As used herein, EBITDA represents earnings before interest, taxes, depletion, depreciation and amortization. Adjusted EBITDA includes adjusting for items that are not comparable period-over-period, namely, accretion of asset retirement obligation, other (income) expense, loss on joint and working interest owners receivable, (gain) loss on bargain purchases, (gain) loss on fair value adjustments of unsettled financial instruments, (gain) loss on natural gas and oil property and equipment, costs associated with acquisitions, other adjusting costs, non-cash equity compensation, (gain) loss on foreign currency hedge, net (gain) loss on interest rate swaps and items of a similar nature.

Adjusted EBITDA should not be considered in isolation or as a substitute for operating profit or loss, net income or loss, or cash flows provided by operating, investing, and financing activities.
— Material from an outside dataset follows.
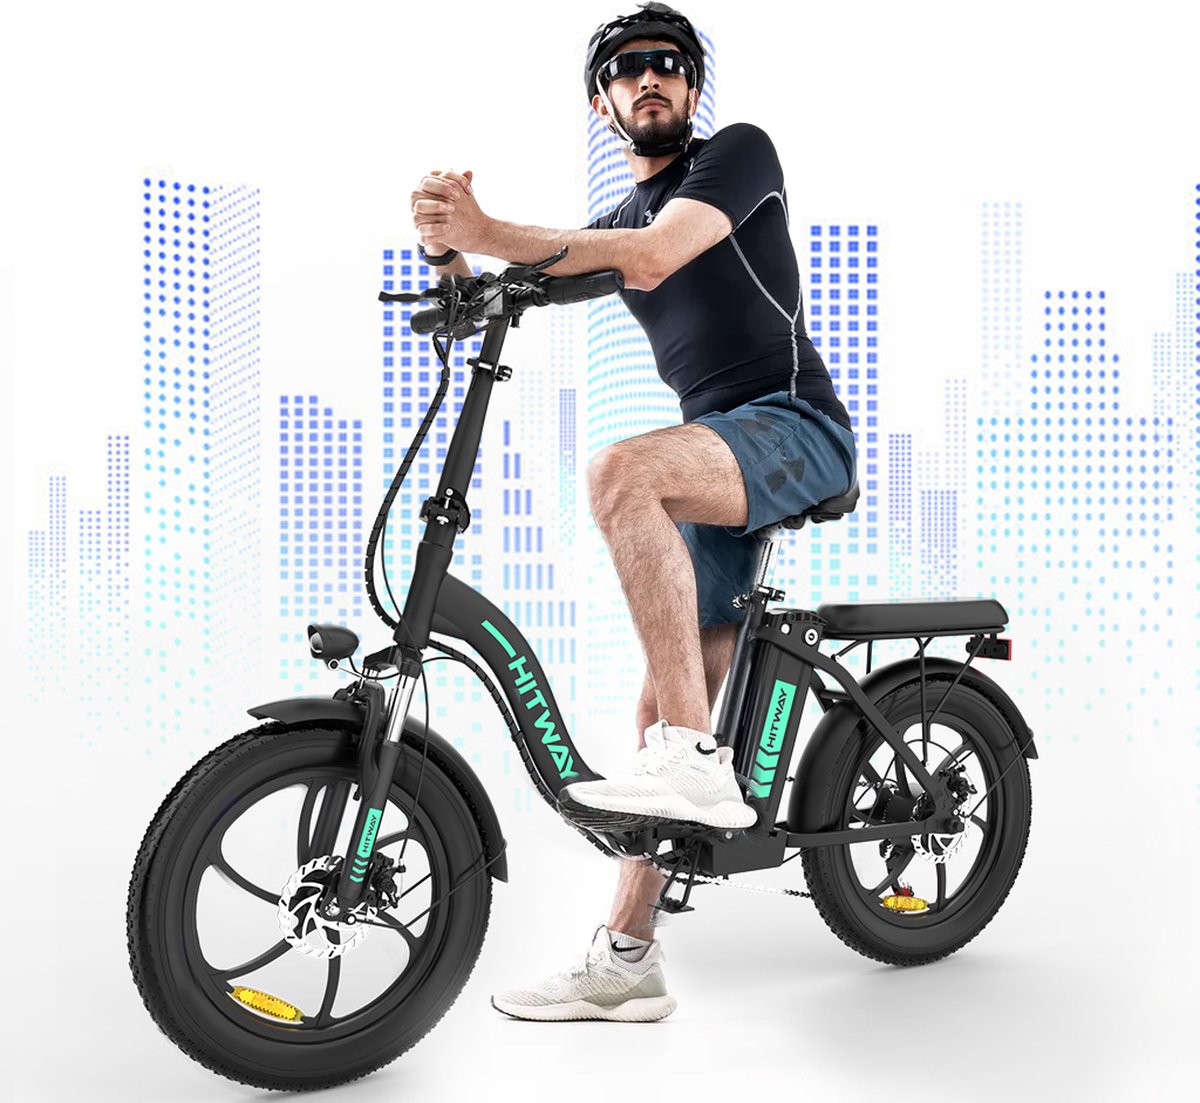 HITWAY E-Bike Elektrische Fiets 20 Inch Fat Tire E-Bicycle Vouwfiets, 250 W, 11,2 Ah Accu, Max. Bereik tot 35-90 km, offroad-mountainbike met Shimano 7-versnellingen, City EBike met slot,Groen zwart

However, we believe such a measure is useful to an investor in evaluating our financial performance because it (1) is widely used by investors in the natural gas and oil industry as an indicator of underlying business performance; (2) helps investors to more meaningfully evaluate and compare the results of our operations from period to period by removing the often-volatile revenue impact of changes in the fair value of derivative instruments prior to settlement; (3) is used in the calculation of a key metric in one of our Credit Facility financial covenants; and (4) is used by us as a performance measure in determining executive compensation. We are unable to provide a quantitative reconciliation of forward-looking Adjusted EBITDA to the most directly comparable forward-looking GAAP measure because the items necessary to estimate such forward-looking IFRS measure are not accessible or estimable at this time without unreasonable efforts. The reconciling items in future periods could be significant.

PV-10

PV-10 is a non-GAAP financial measure and generally differs from Standardized Measure, the most directly comparable GAAP measure, because it does not include the effects of income taxes on future net cash flows. While the Standardized Measure is free cash dependent on the unique tax situation of each company, PV-10 is based on a pricing methodology and discount factors that are consistent for all companies. In this announcement, PV-10 is calculated using NYMEX pricing. It is not practicable to reconcile PV-10 using NYMEX pricing to standardized measure in accordance with GAAP at this time. Investors should be cautioned that neither PV-10 nor the Standardized Measure represents an estimate of the fair market value of proved reserves.